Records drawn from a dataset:
-*-*-

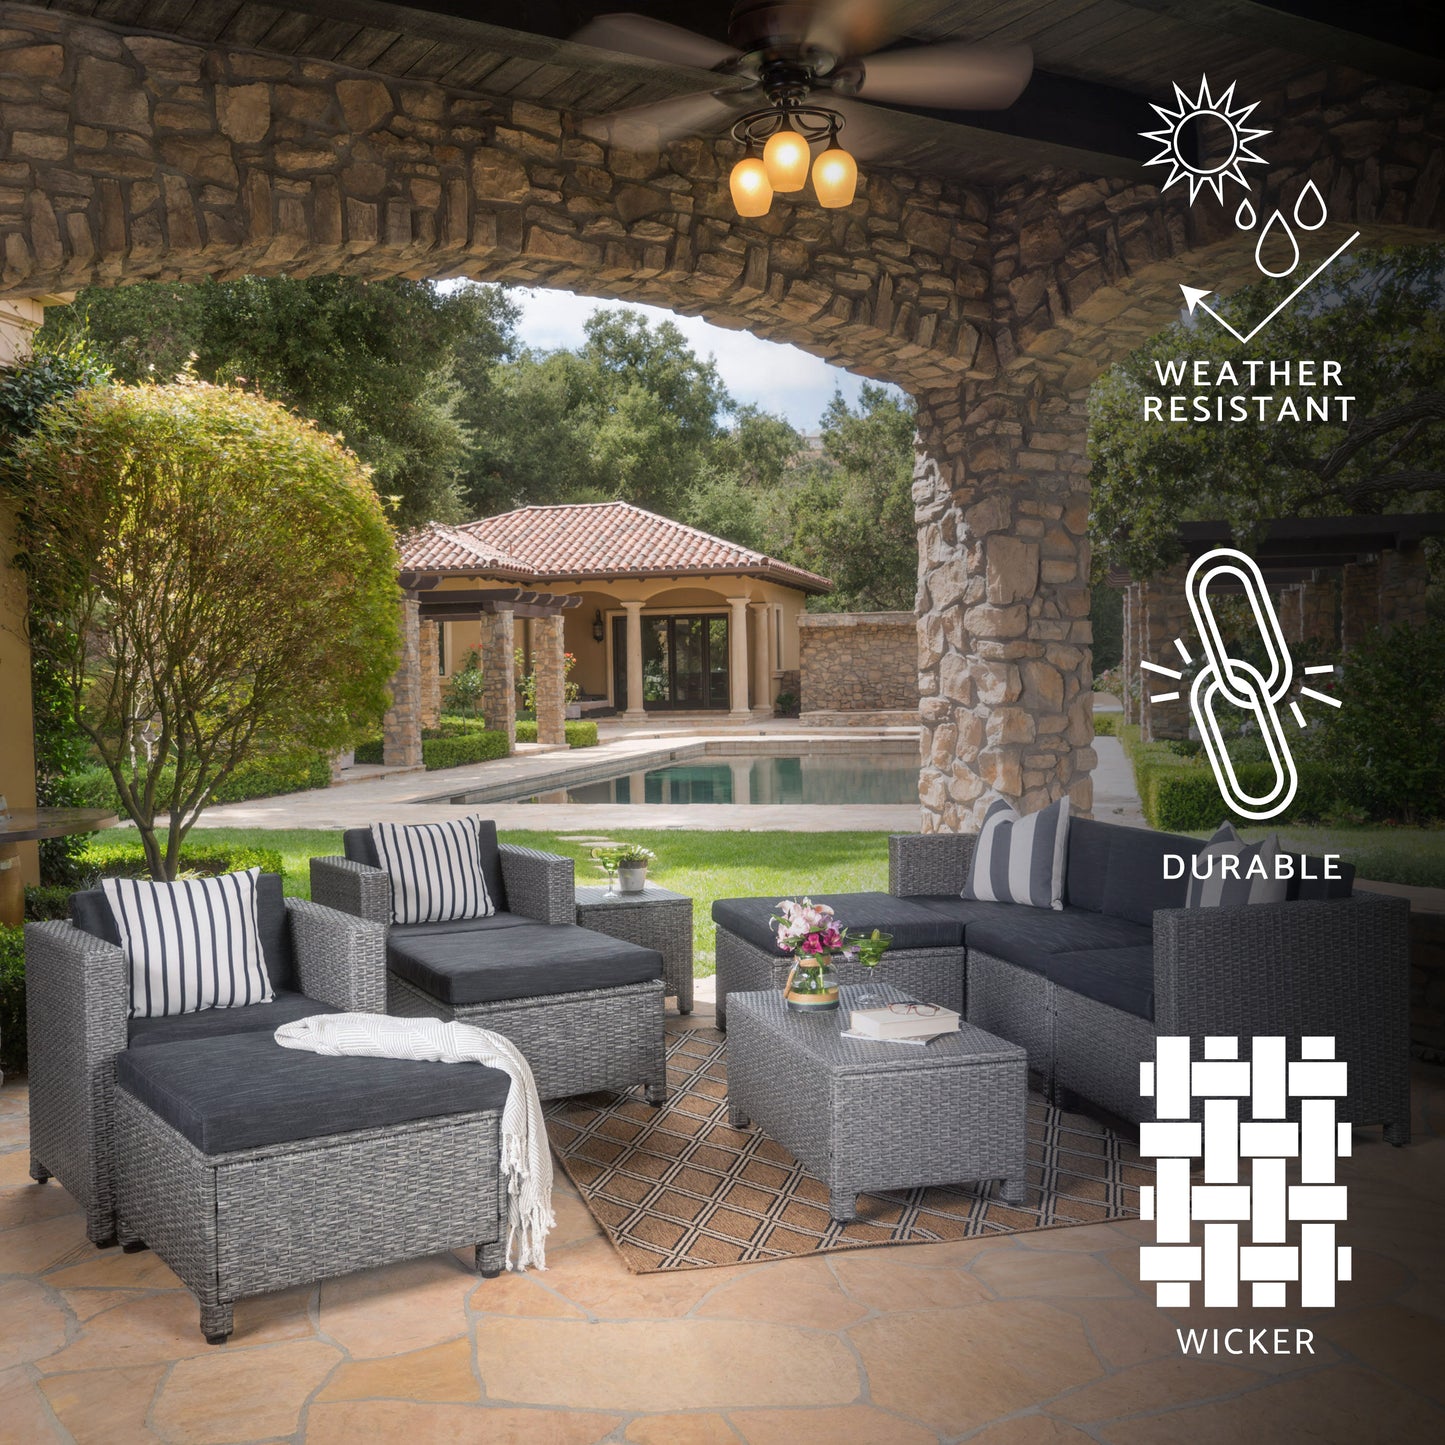 Feronia Outdoor 10 Piece Wicker Sofa Collection w/ Water Resistant Cushions
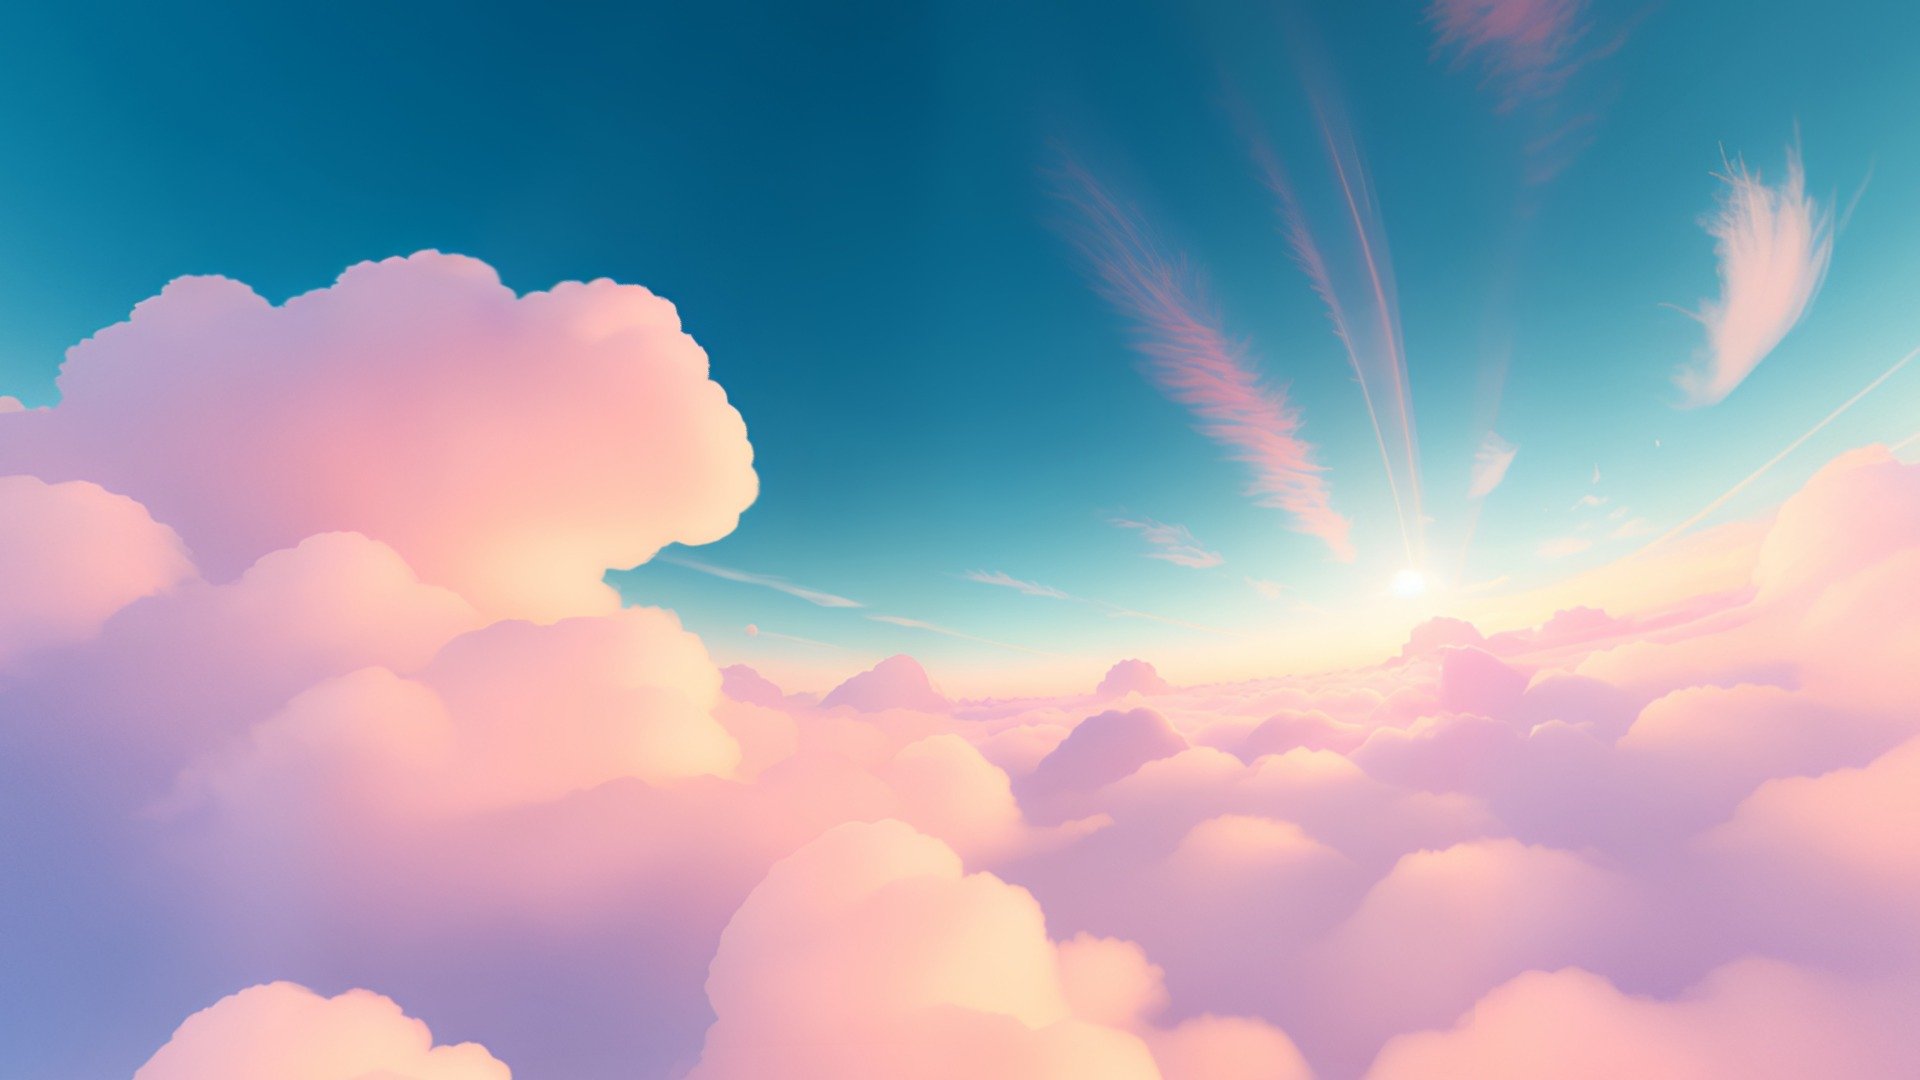 Beautiful stylized dreamy skybox. Perfect for beautiful, stylized environments and your rendering scene.

The package contains one panorama texture and one cubemap texture (png)

panorama texture: 8192 x 4096 

cubemap texture: 6144 x 4608 

Because of this size it is easier to customize more and better details if you want that. 

The sizes can be changed in your graphics program as desired

( textures are under Other available downloads)

used: AI, Photoshop

*-------------Terms of Use--------------

Commercial use of the assets provided is permitted but cannot be included in an asset pack or sold at any sort of asset/resource marketplace or be shared for free* - Stylized Cloudy Sky 010 - Buy Royalty Free 3D model by stylized skybox (@skybox_) 3d model
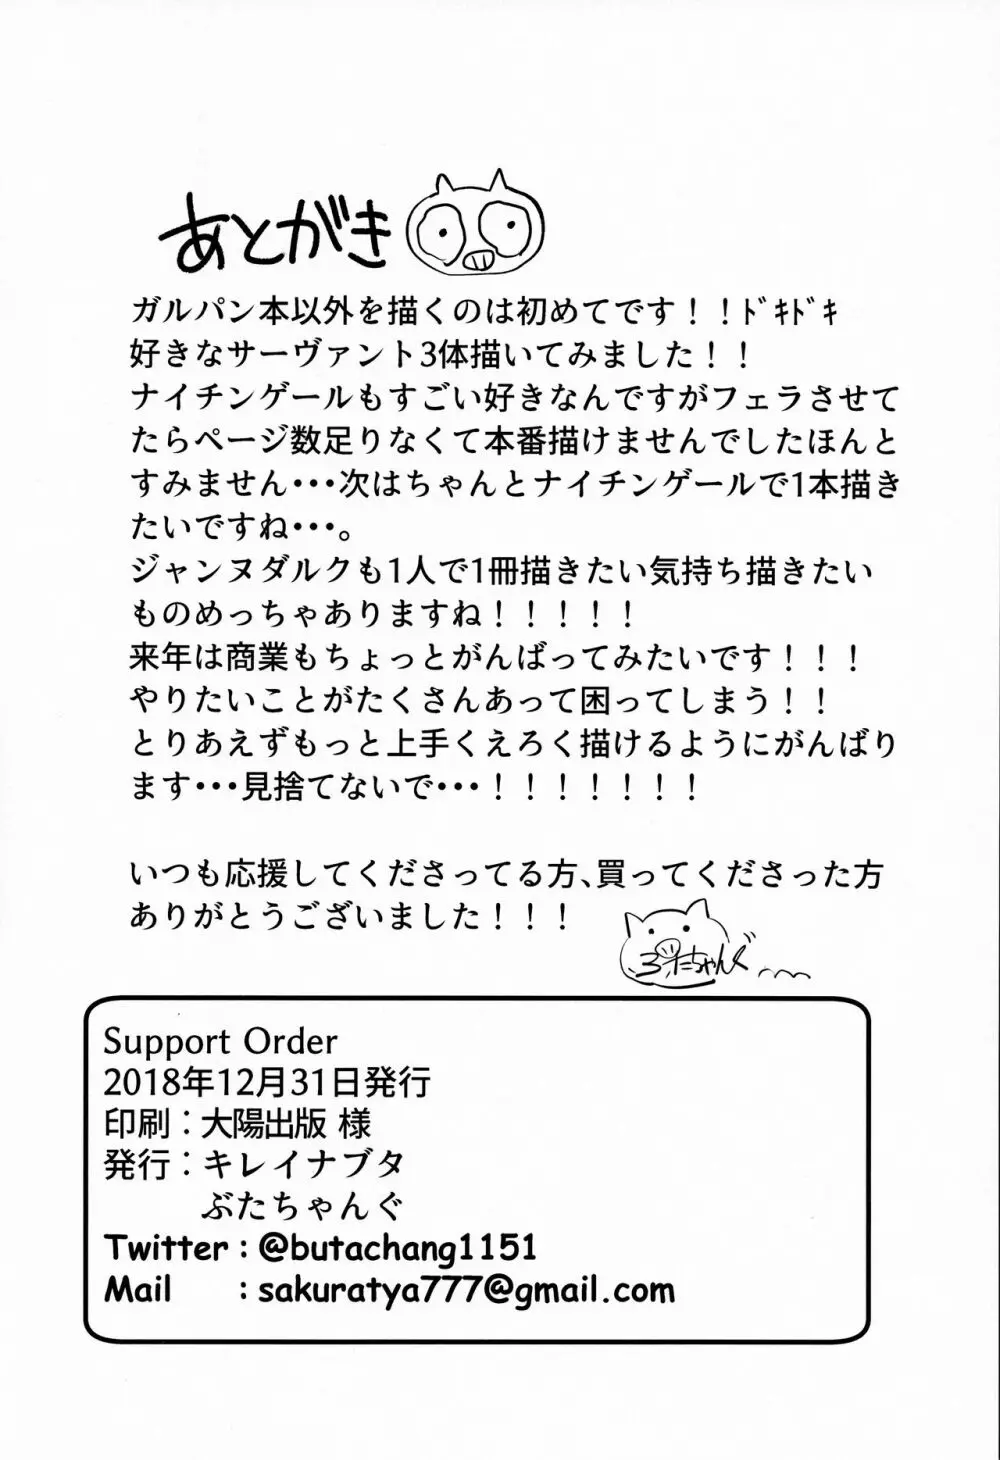 Support Order 24ページ

-*-*-

▸ What to do
Find the line containing "used: AI, Photoshop" in the records above and restate it, and each line after it through the end, word for word, dropping the pictures.

▸ Problem solution
used: AI, Photoshop

*-------------Terms of Use--------------

Commercial use of the assets provided is permitted but cannot be included in an asset pack or sold at any sort of asset/resource marketplace or be shared for free* - Stylized Cloudy Sky 010 - Buy Royalty Free 3D model by stylized skybox (@skybox_) 3d model
 Support Order 24ページ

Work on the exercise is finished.